In a similar vein, Anne Kane in her essay, The Centrality of Culture in Social Theory, has argued:
“Because culture provides the structure through which people interpret experience, it informs and guides both intention [ a
mental activity ] and action. It is through culturally mediated social action and interaction (…) that social structures,
including culture, are produced and reproduced. The culture ultimately provide the link between the most perplexing
sociological dichotomy, agency and structure” (Kane,1996:162). [insertions mine]
2

In addition to anthropological theory of culture, Hall refers also to theoretical insights from linguistics, language-use and
psychoanalytic theory of Sigmund Freud. (Hall, 1997:234-38).
3

For the most recent researches in the field of media and minorities and the overall European situation, see
(ter Wall, 2002).
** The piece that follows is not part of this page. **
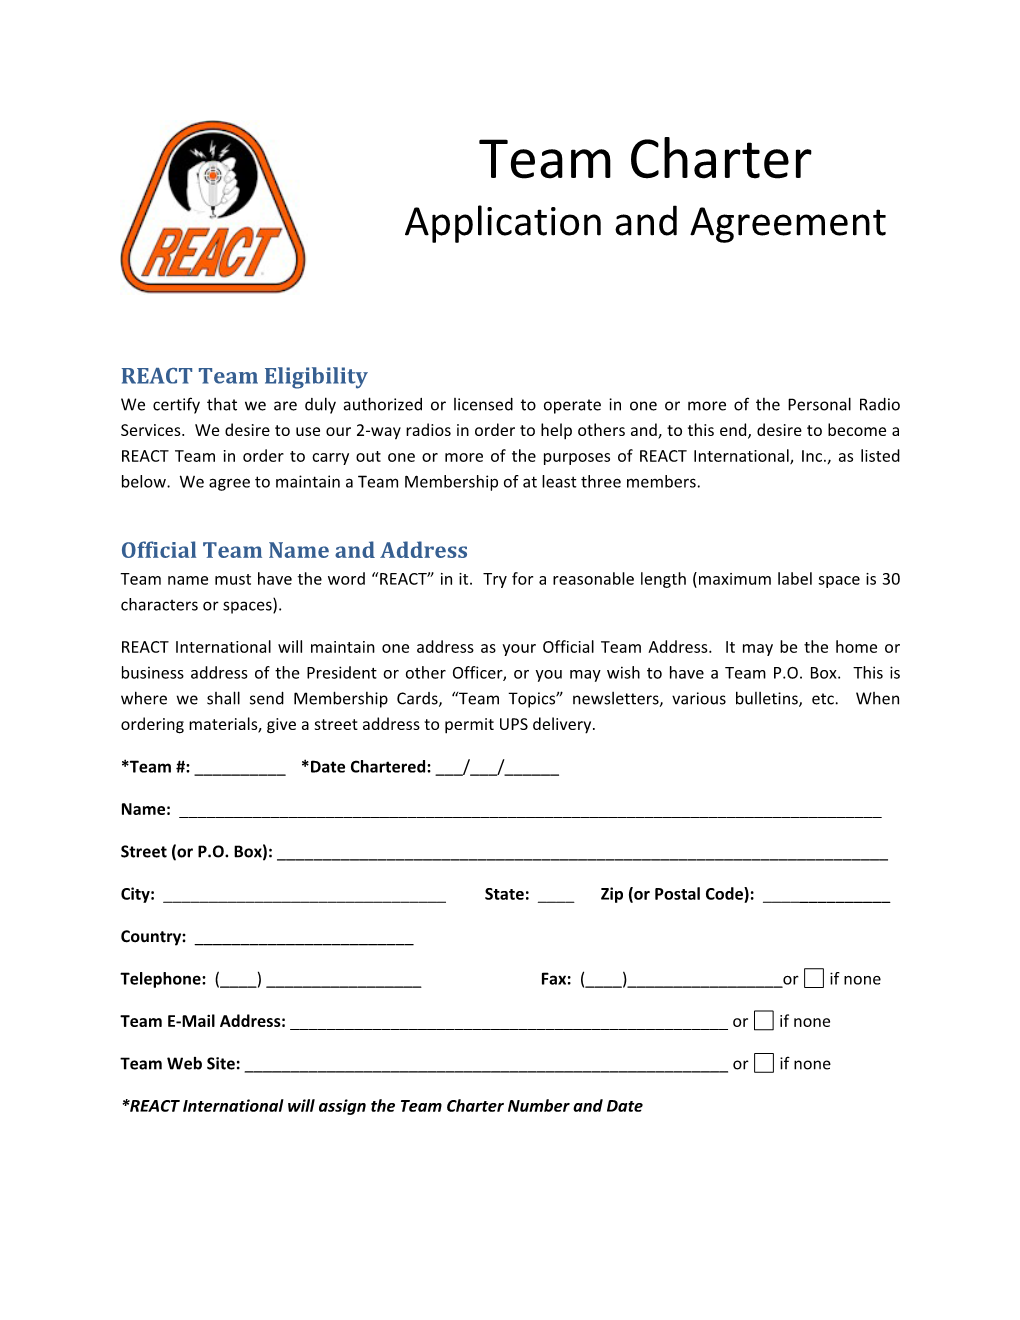 Team Charter Application and Agreement

For an access to a comprehensive international bibliography, though mainly pertaining to
discourse analytical approach, see ( homepage of Teun van DIJK …….). For a summary review of some earlier research
perspectives on media and ‘racism’ in the European context, also (Cottle, 1992) is a valuable source.
4

In one of the most convincing analyses of ideology and power in the modern age of mass communication,
sociologist, John B. Thompson in his widely cited work, Ideology and Modern Culture, has conceded that,
“Individuals situated within socially structured contexts have, by virtue of their location, different quantities of, and
different degrees of access to available resources. The social location of individuals, and entitlement associated with their
positions in a social field or institutions, endow them with various degrees of ‘power’ (…) as socially or institutionally
endowed capacity which enables or empowers some individuals to make decisions, pursue ends or
realise interests. (Thompson, 1990:59). This sociological mapping of symbolic reproduction, through power
and agency in context, implying specific time and space, I find, is quite commensurable to the epistemological
premise of the CDA, that there is power over the dominant discourse in a specific socio-political context.
On the role of ideology and power in the reproduction of a ‘racist’ discourse from a discourse theoretical point of
view, see further (van Dijk, 1999).

5
On the role of various aspects of social cognition in inter-groups relations see, for example, (Fiske and Taylor, 1984) and
for its specific role in discourse process and communication (van Dijk, 1994).
6

A nearest example of such technologically based innovation in signification of ethnicity is an interactive computer game
introduced by the web-site of the Danish public service channel Danmarks Radio, called Mujaffa Play.
It was originally launched under the trademark, Perker Play, but after strong protests from anti-racists groups was re-
dubbed to Mujaffa – invoking association to an imaginary ‘Arab’ name. Perker is a slang expression from hate-speech, an
equivalent of ‘nigger’, that is used mainly to designate the Muslim immigrants in Denmark. The main character of the play
is depicted as a dark-skinned minority youth, wearing golden chain, driving BMW and chasing blond women.
This characterization of the ‘foreigners’ is quite prevalent in the popular stereotypes: “ they always drive in big cars and live
on our social welfare money”; ‘they chase our women’ and so on. On the media ‘s wider role in dissemination of such
stereotypes and hostile depictions, see also a rare criticism by the media professionals themselves in a chronicle published in
daily Politiken (7.02.2002), “ Media against the Foreigners” by journalist, Erik Valuer.